As I understand things, given a user with proper password management (e.g. with a libre password manager like KeePassXC) the only realistic threat is having passwords leaked the following ways:
A: password keylogged (e.g. logging in to your account on any compromised device) or phished
B: manager database leaked (e.g. unlocked on your compromised device)
OTP as single-factor authentication is enough to protect against A if not attacked before token expiry (but perhaps that is not a realistic assumption after reading the answer of @CBHacking). In this regard, OTP is superior to passwords (even if not as much as I previously thought), and I cannot think of any way they would be inferior. Thus, OTP seems strictly superior to passwords.
2FA mitigates the risk of B, but it seems excessive for marginal benefit: it is relevant if and only if the first factor is compromised while the second one is not. While this might not be an uncommon situation today, I think it would be uncommon in the case where OTP replaces passwords and even more uncommon with the premise of a user with proper password management for the following two reasons:
- OTP is less likely than passwords to be stored on a compromised device (PC).
- A user who uses a password manager is more likely to store both factors on the same device (I myself have my TOTP and passwords in the same KeePassXC database).

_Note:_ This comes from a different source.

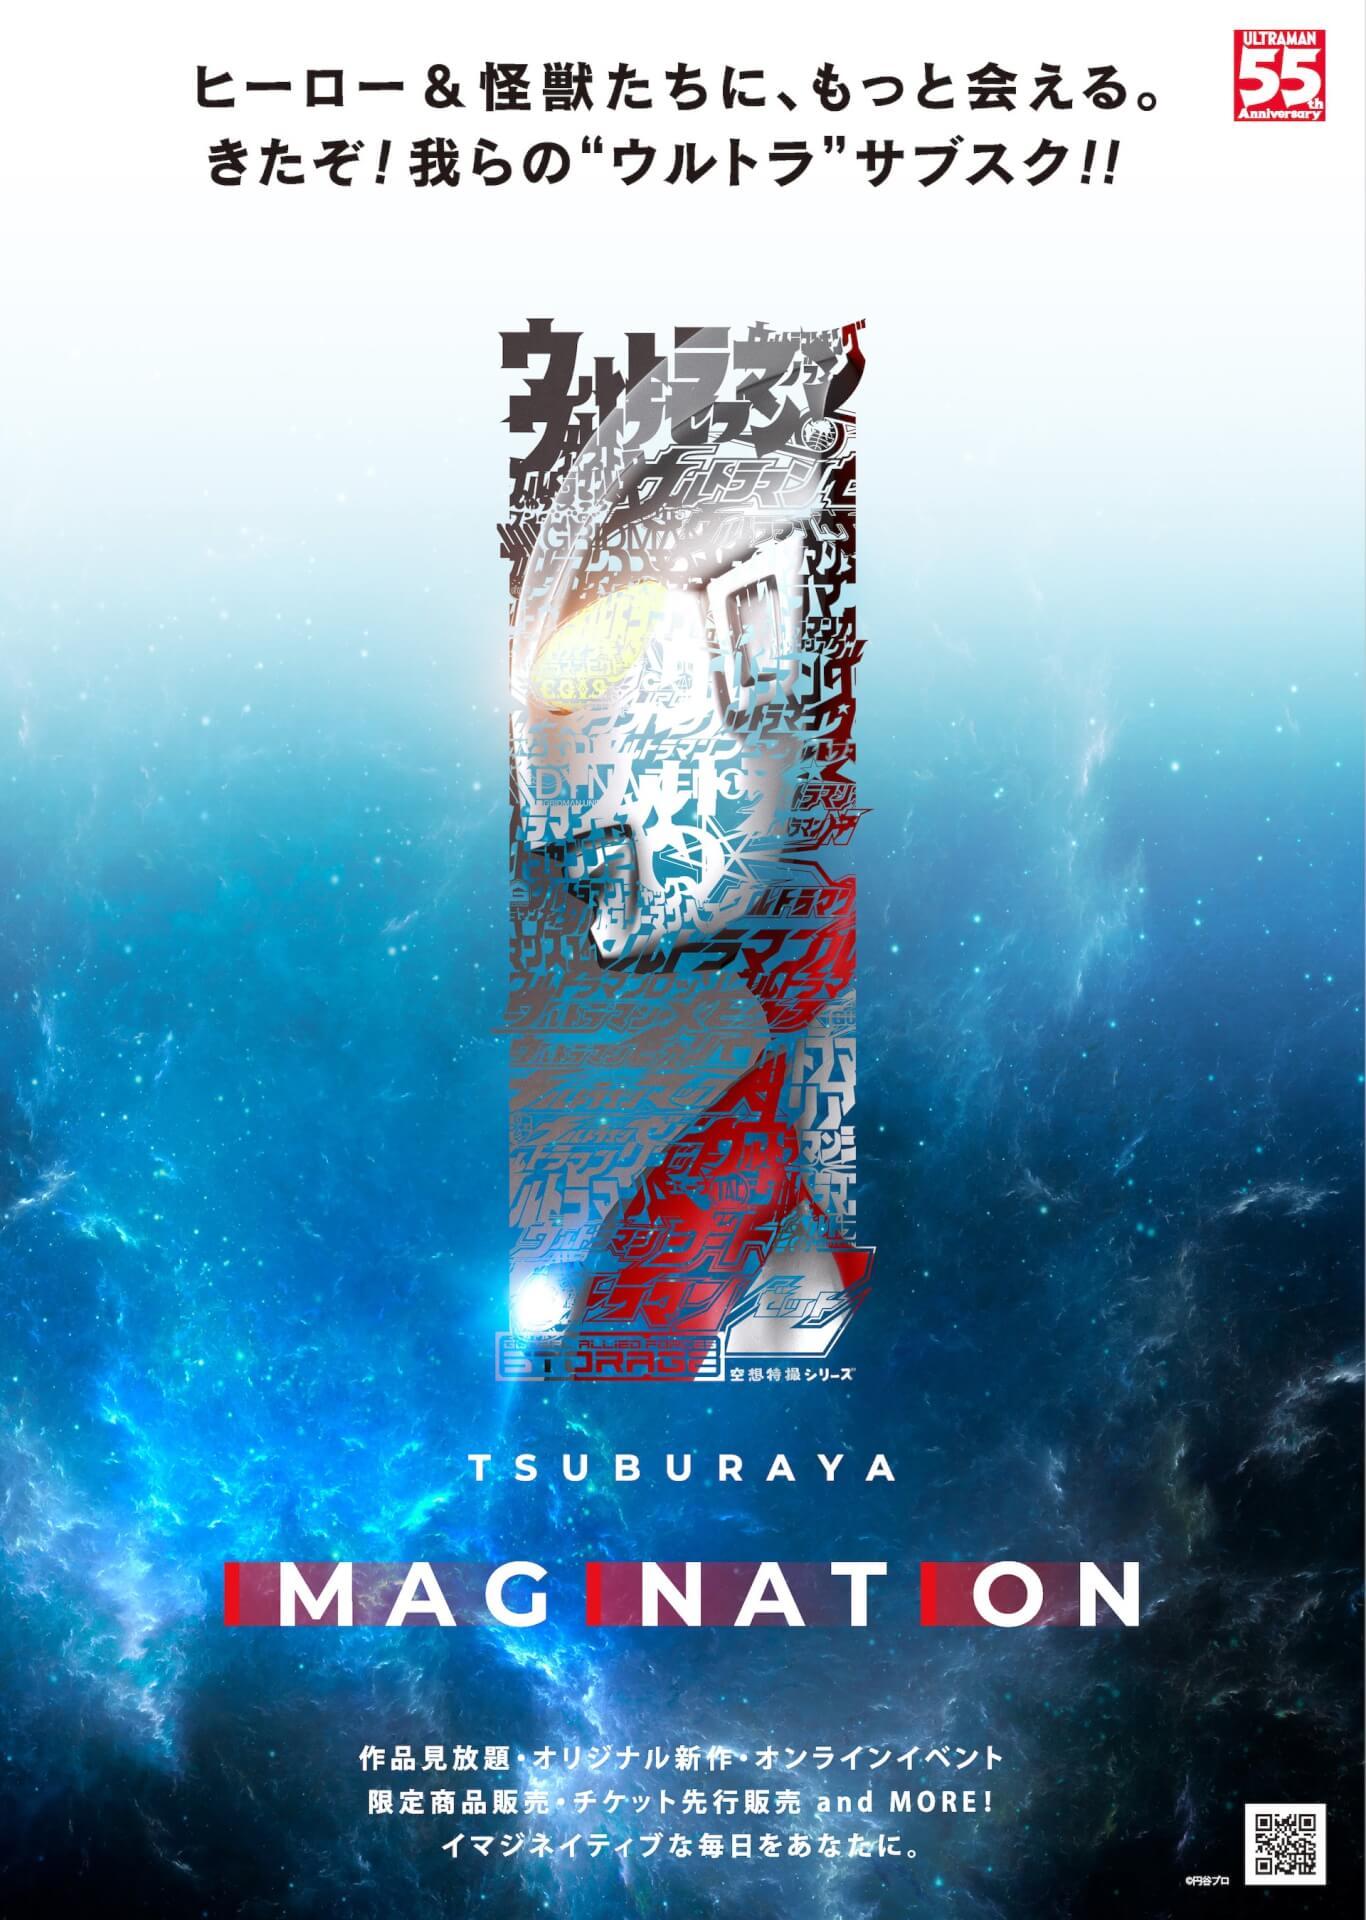 ウルトラマン、ウルトラセブン、ウルトラマンZらがサブスクに!円谷プロダクションのデジタル・プラットフォーム「TSUBURAYA IMAGINATION」が本日提供開始 film210317_ultraman_2

Even if I am wrong about 2FA being excessive, and especially if the user is not good at password management, it seems superior to have [OTP + OTP] rather than [password + OTP] as 2FA.
Is it a bad idea to offer users to replace passwords with OTP?
Is it a bad idea to force users to replace passwords with OTP?
If passwords are not used, does 2FA (double-OTP instead of single-OTP) offer substantial benefit?
P.S. While writing this I came up with one reason [password + OTP] might be superior to [OTP + OTP]. In the former case it is less likely that both factors are stored on the same device.